### Dataset section
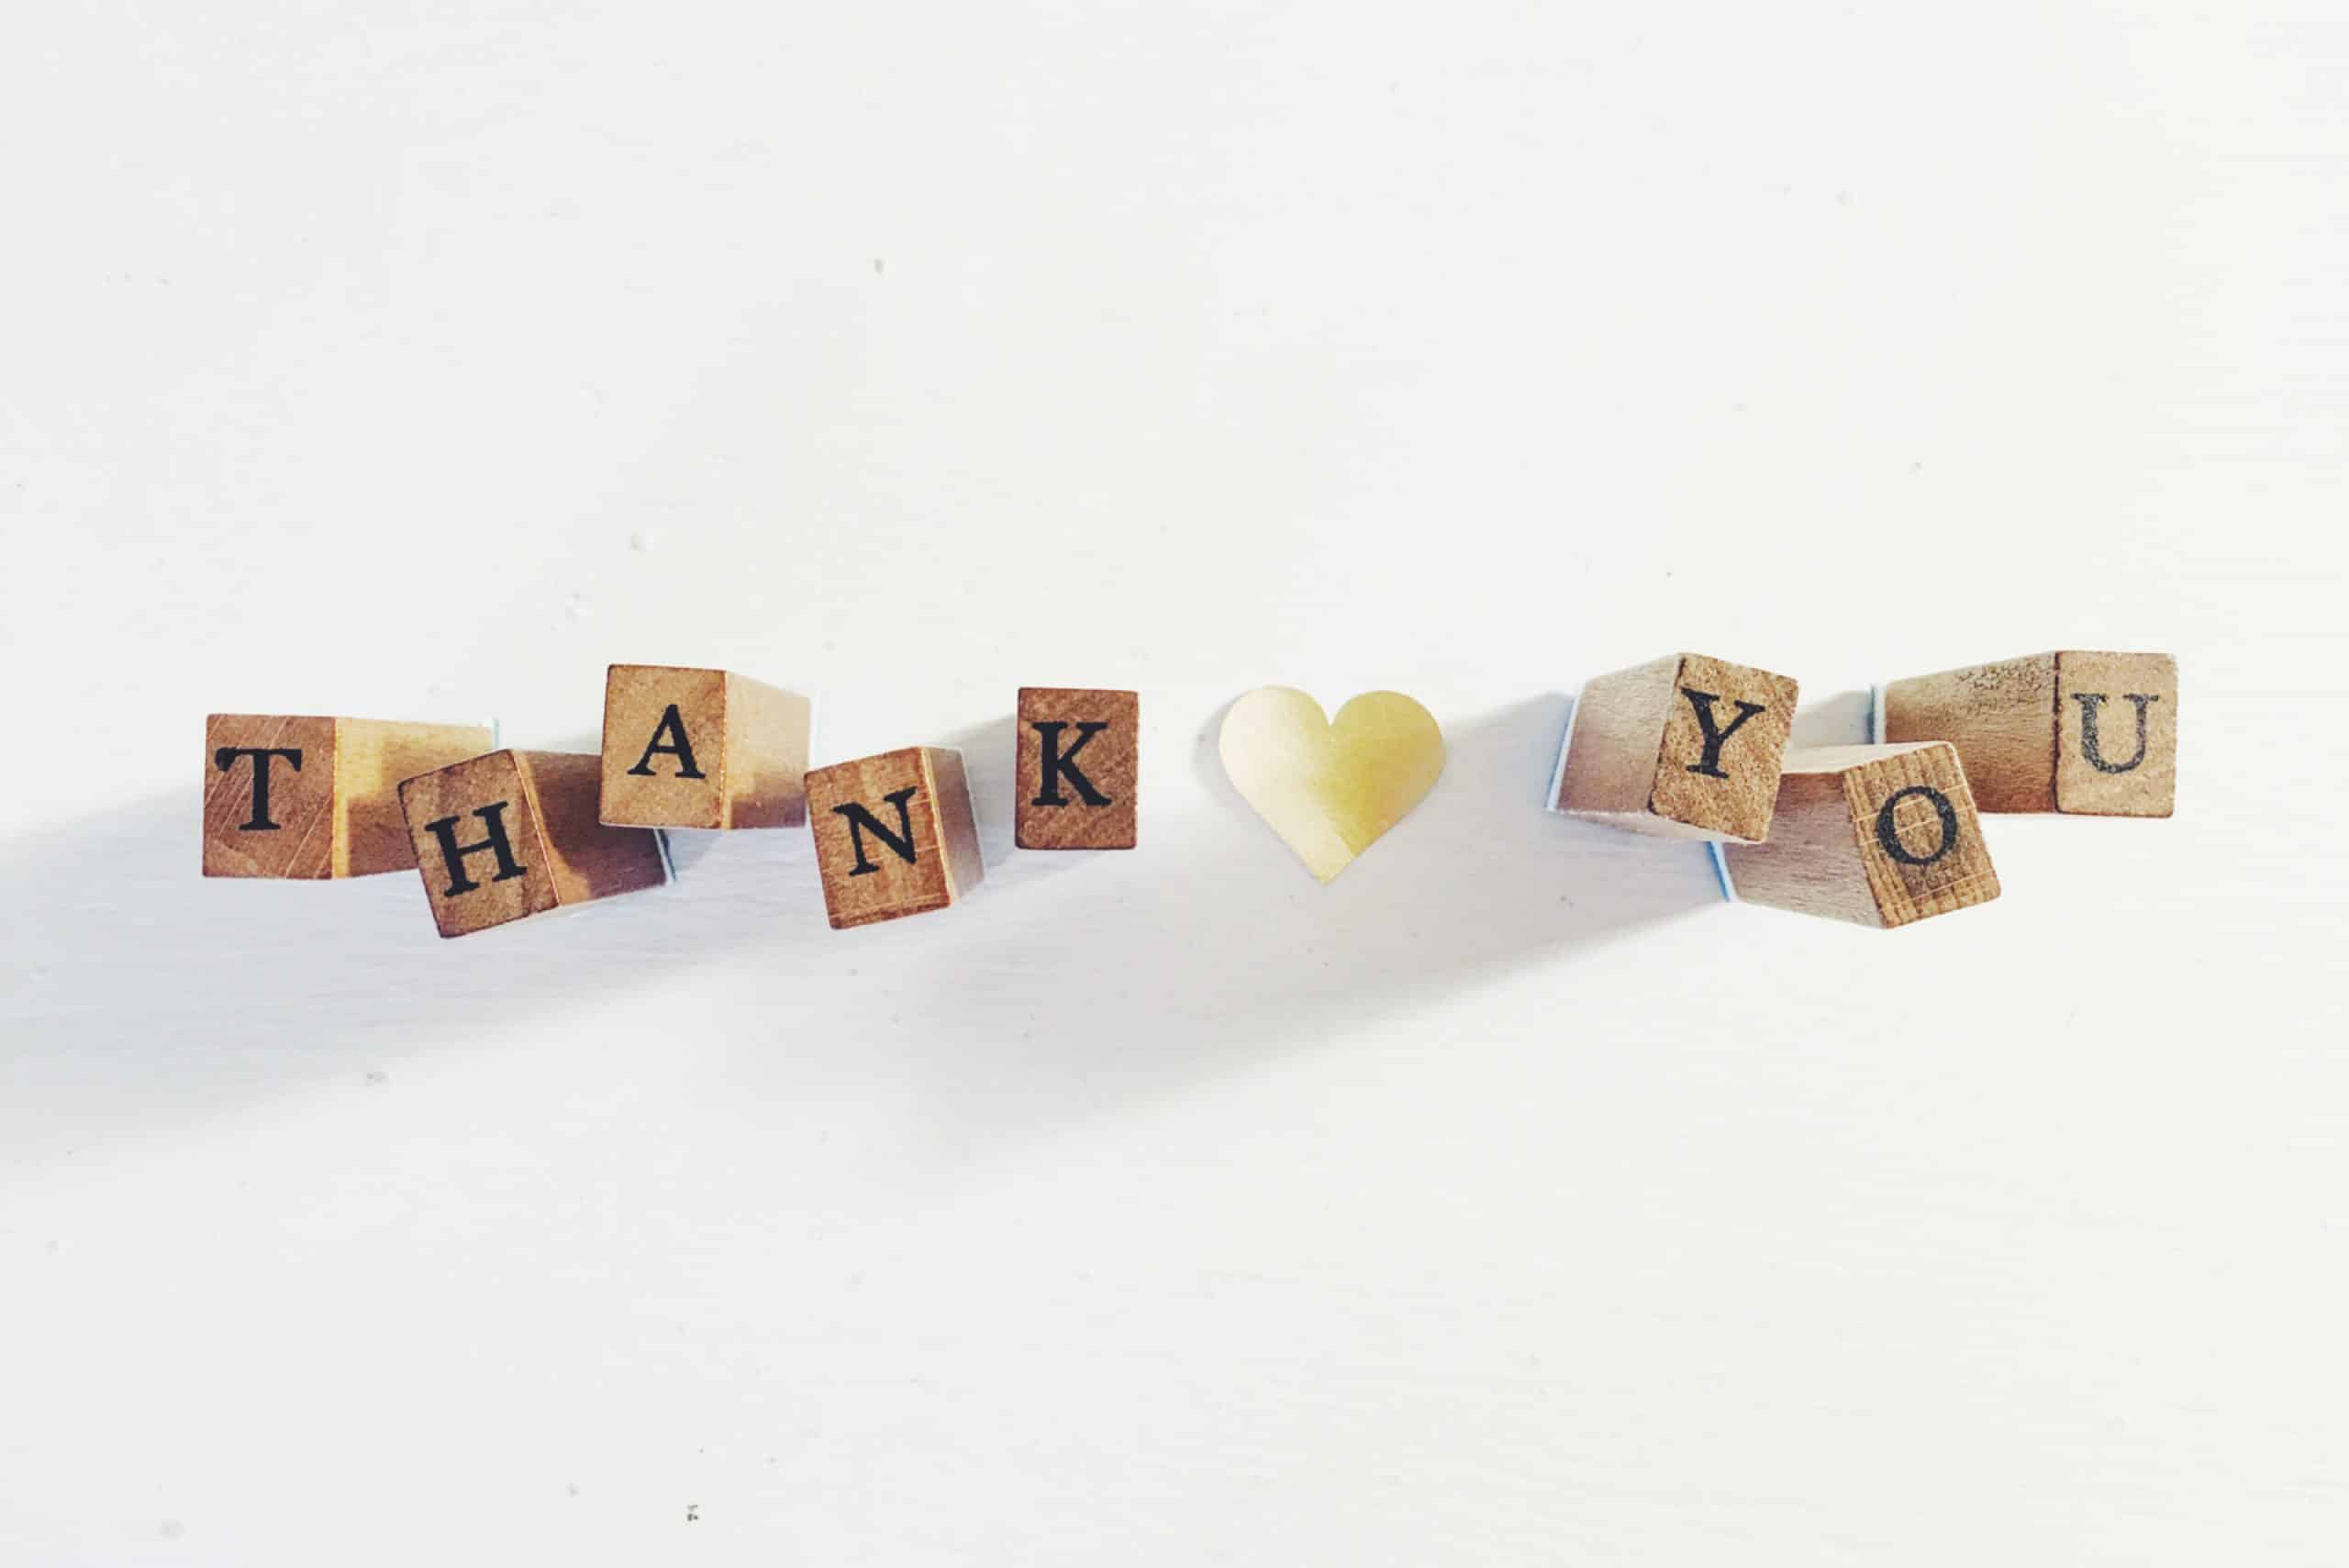 "Thank you" spelled out in wooden blocks with a heart
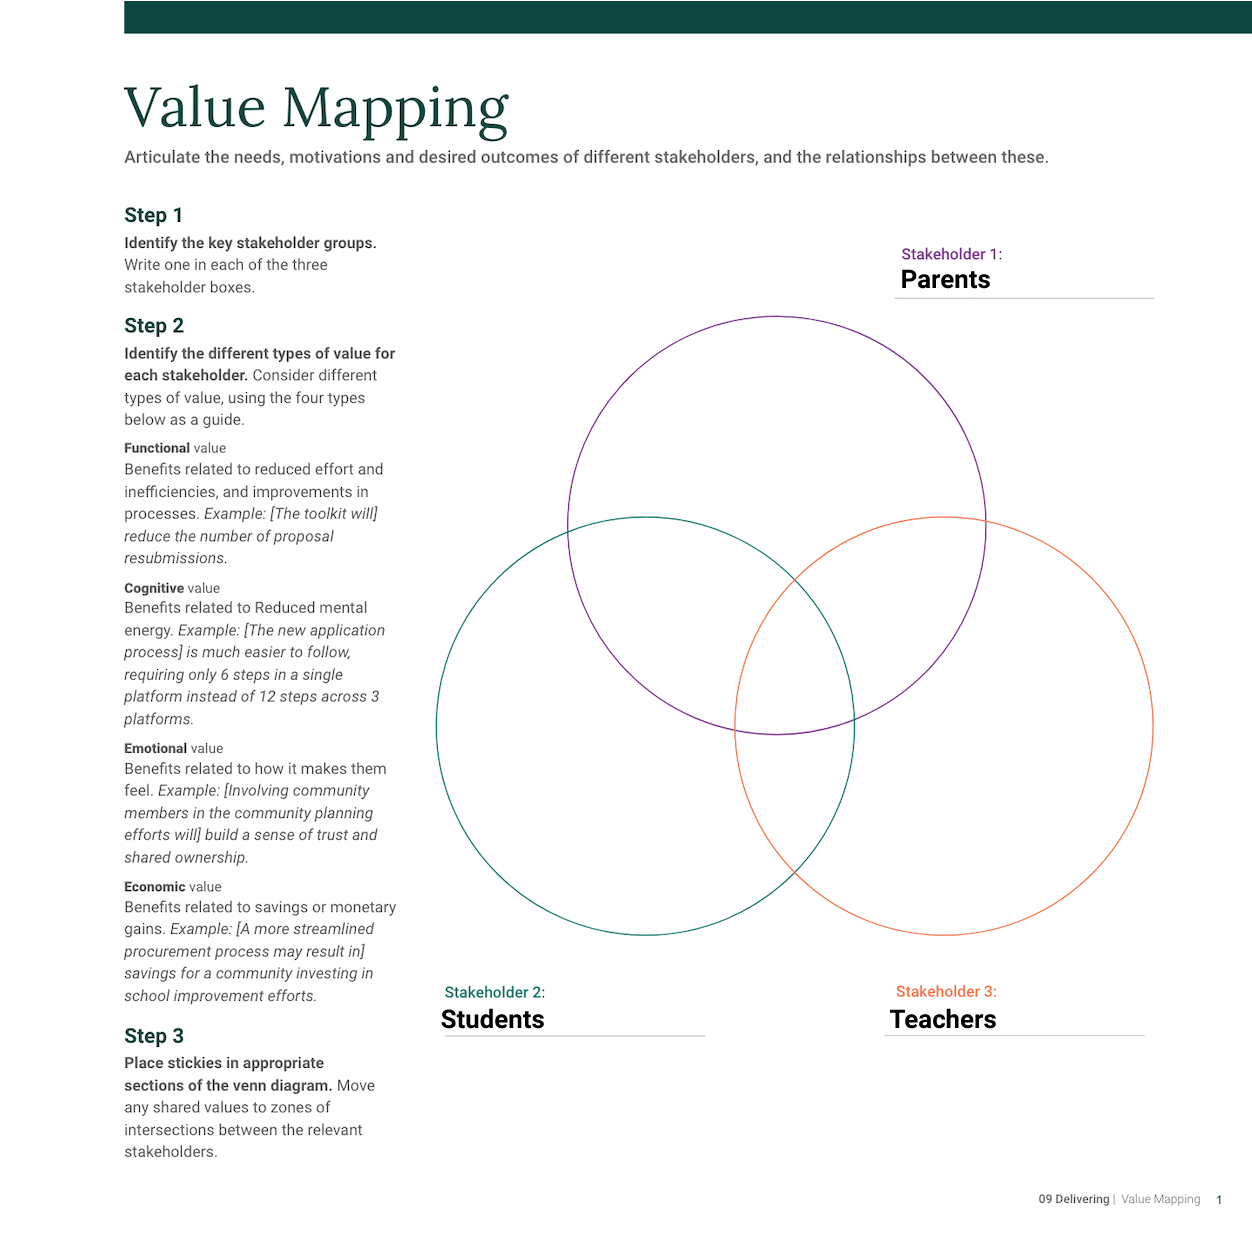 image of 3 overlapping circles on the value mapping worksheet
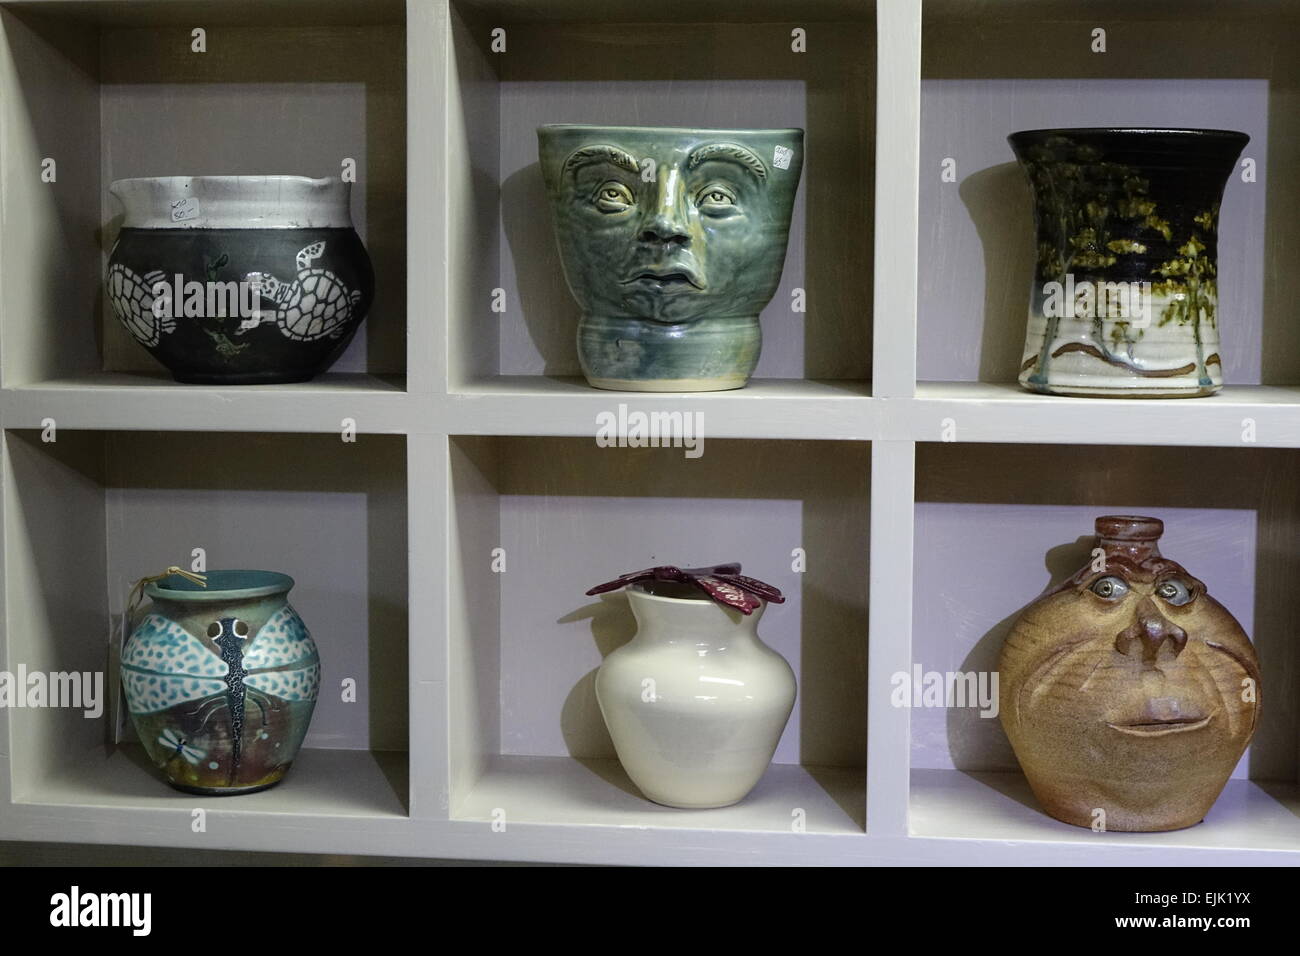 Display of pottery pieces during art show Stock Photo

### Task directions
Please set down each line of the listing above word for word, skipping any pictures.

### Solution for this task
 "Thank you" spelled out in wooden blocks with a heart
 image of 3 overlapping circles on the value mapping worksheet
 Display of pottery pieces during art show Stock Photo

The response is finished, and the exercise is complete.